#### [YOUR GOAL]
Where does the string "stock" occur in the entries below? Copy every line where it does.

(Data excerpts)
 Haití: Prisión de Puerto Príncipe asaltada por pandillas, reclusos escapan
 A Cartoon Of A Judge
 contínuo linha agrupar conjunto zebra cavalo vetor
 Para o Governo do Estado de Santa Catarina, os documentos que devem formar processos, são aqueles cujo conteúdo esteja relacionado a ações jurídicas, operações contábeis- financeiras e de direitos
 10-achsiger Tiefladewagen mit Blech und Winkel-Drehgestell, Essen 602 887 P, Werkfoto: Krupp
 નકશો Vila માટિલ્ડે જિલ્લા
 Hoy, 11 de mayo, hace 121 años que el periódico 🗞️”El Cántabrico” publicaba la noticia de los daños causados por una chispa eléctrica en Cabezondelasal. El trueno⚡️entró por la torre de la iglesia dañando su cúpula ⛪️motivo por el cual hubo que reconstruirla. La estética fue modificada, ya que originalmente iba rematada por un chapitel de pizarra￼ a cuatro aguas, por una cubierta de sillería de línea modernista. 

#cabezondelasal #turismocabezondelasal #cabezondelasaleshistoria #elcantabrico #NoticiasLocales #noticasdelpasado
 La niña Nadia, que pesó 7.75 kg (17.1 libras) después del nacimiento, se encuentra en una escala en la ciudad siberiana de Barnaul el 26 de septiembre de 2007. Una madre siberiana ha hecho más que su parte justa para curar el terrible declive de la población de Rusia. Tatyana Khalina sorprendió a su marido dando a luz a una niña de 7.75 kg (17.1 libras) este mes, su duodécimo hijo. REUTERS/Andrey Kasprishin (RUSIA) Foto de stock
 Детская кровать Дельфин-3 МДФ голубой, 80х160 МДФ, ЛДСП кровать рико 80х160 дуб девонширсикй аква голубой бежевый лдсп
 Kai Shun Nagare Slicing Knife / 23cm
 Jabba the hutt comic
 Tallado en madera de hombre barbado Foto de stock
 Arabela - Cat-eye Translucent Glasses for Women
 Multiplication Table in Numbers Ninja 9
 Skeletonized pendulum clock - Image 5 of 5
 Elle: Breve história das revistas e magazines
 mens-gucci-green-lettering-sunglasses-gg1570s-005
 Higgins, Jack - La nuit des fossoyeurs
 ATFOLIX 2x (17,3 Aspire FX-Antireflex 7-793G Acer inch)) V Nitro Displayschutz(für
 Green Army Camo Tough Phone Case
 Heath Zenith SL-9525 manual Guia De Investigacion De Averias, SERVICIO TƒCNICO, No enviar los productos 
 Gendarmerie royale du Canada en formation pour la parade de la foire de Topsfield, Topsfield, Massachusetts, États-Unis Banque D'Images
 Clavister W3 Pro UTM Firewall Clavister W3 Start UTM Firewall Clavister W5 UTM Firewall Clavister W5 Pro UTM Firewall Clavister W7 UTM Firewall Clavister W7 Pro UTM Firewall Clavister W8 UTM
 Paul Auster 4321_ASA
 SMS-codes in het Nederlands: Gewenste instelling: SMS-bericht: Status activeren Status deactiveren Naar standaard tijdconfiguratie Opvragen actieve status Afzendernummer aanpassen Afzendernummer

#### [REPLY]
 La niña Nadia, que pesó 7.75 kg (17.1 libras) después del nacimiento, se encuentra en una escala en la ciudad siberiana de Barnaul el 26 de septiembre de 2007. Una madre siberiana ha hecho más que su parte justa para curar el terrible declive de la población de Rusia. Tatyana Khalina sorprendió a su marido dando a luz a una niña de 7.75 kg (17.1 libras) este mes, su duodécimo hijo. REUTERS/Andrey Kasprishin (RUSIA) Foto de stock
 Tallado en madera de hombre barbado Foto de stock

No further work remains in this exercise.